Reforming the curriculum of the Postgraduate Certificate in Laws at HKU: revolution or evolution?

Wilson Chow, Julienne Jen and Firew Kebede Tiba (University of Hong Kong) presented an account of the curriculum reform of the Postgraduate Certificate in Laws at the University of Hong Kong.
The presenters’ slides are embedded below, and their full paper is available to download at the bottom of the page.
The Postgraduate Certificate in Laws (PCLL) has been a compulsory requirement for admission to legal practice in Hong Kong since 1972. Only ad hoc and piecemeal reviews and reform efforts had been carried out at the University of Hong Kong (HKU) since then, bringing few changes to the programme.
In 2001 a landmark study by the Hong Kong government recommended numerous changes to the curriculum of both the LLB and the PCLL, including one controversial recommendation – to abolish the PCLL and replace it with a vocational course taught and regulated by the professional bodies, with an official body overseeing standards of entry to practice. This recommendation was eventually not accepted, however it has not been possible for the PCLL providers to ignore some of the study’s other key recommendations.
The HKU PCLL took the opportunity to undertake a significant and substantial curriculum reform under the organising themes of problem solving and transfer of learning, which first went operational in September 2002 . The reform process took an incremental and evolving approach and went through a few stages before reaching its current state.
The presenters’ paper argues that curriculum reform is a continuing process – although the HKU PCLL (and the PCLL in Hong Kong generally) has managed to overcome the serious challenge made to its existence by well considered curriculum development and evolution, taking into account various (and sometimes, conflicting) demands from a cross section of the legal profession, students and society, there should be no time for complacency. Moving forward reform at the apex not integrated with reform demands at the undergraduate level is not going to bring about the most desirable outcomes – skills training cannot be a self contained exercise detached from the legal knowledge required to solve problems.

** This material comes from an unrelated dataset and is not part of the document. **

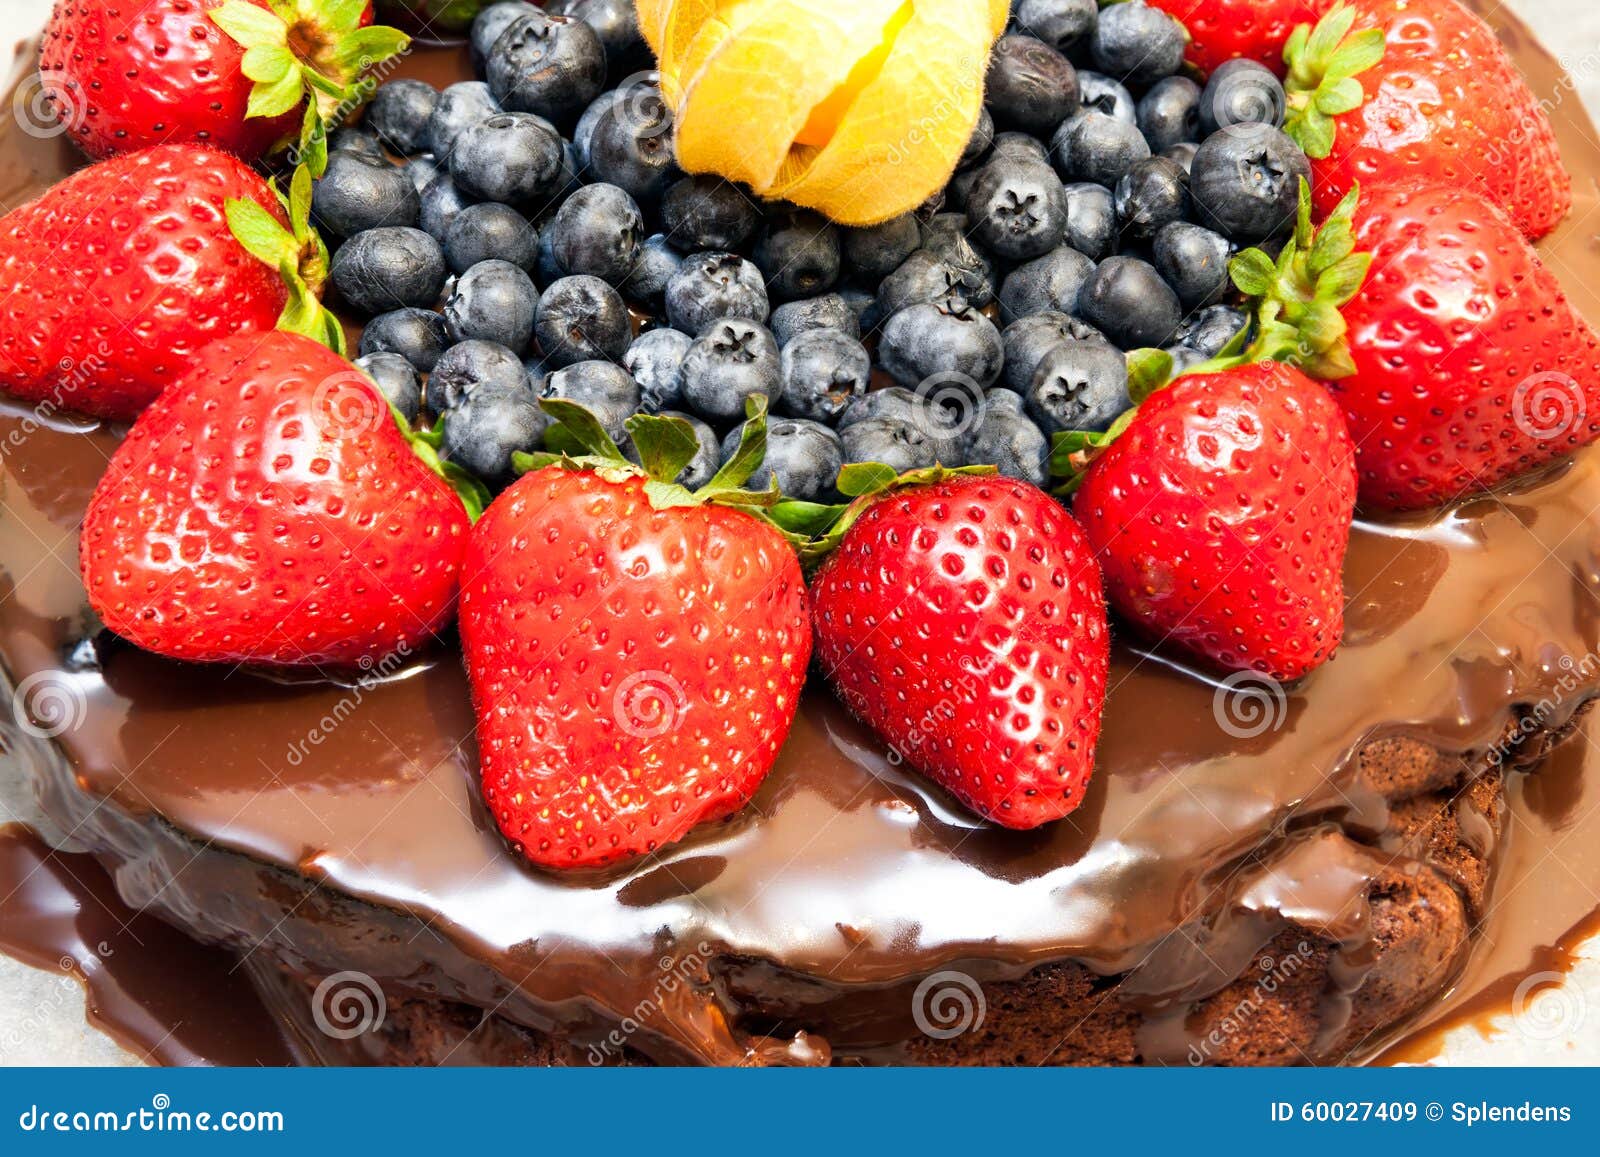 Chocolate Cake with Berries Stock Image - Image of angle, glazed: 60027409

The increased diversification and specialisation of legal practice as well as the demand on new practitioners to be versatile lawyers makes it all the more important that the curriculum, both the LLB and the PCLL, further continues to evolve.
About the presenters
Wilson Chow is an associate professor and head of the Department of Professional Legal Education at the University of Hong Kong. He has been intimately involved with the PCLL curriculum reform. Among his key publications in this area is Developing active learning of skills in professional legal education: from theory to ethnography in Hong Kong (with Felix W H Chan and Richard W S Wu), Asian Journal of Comparative Law 2006 1(1).
Julienne Jen is a senior teaching consultant and Deputy Head (Curriculum Development) at the Department of Professional Legal Education at the University of Hong Kong. She prepared a report on the department’s new PCLL curriculum during 2008-09.
Firew Kebede Tiba joined the Department of Professional Legal Education in August 2009 as a postdoctoral fellow. He works with the department’s research group on e-learning in professional legal education.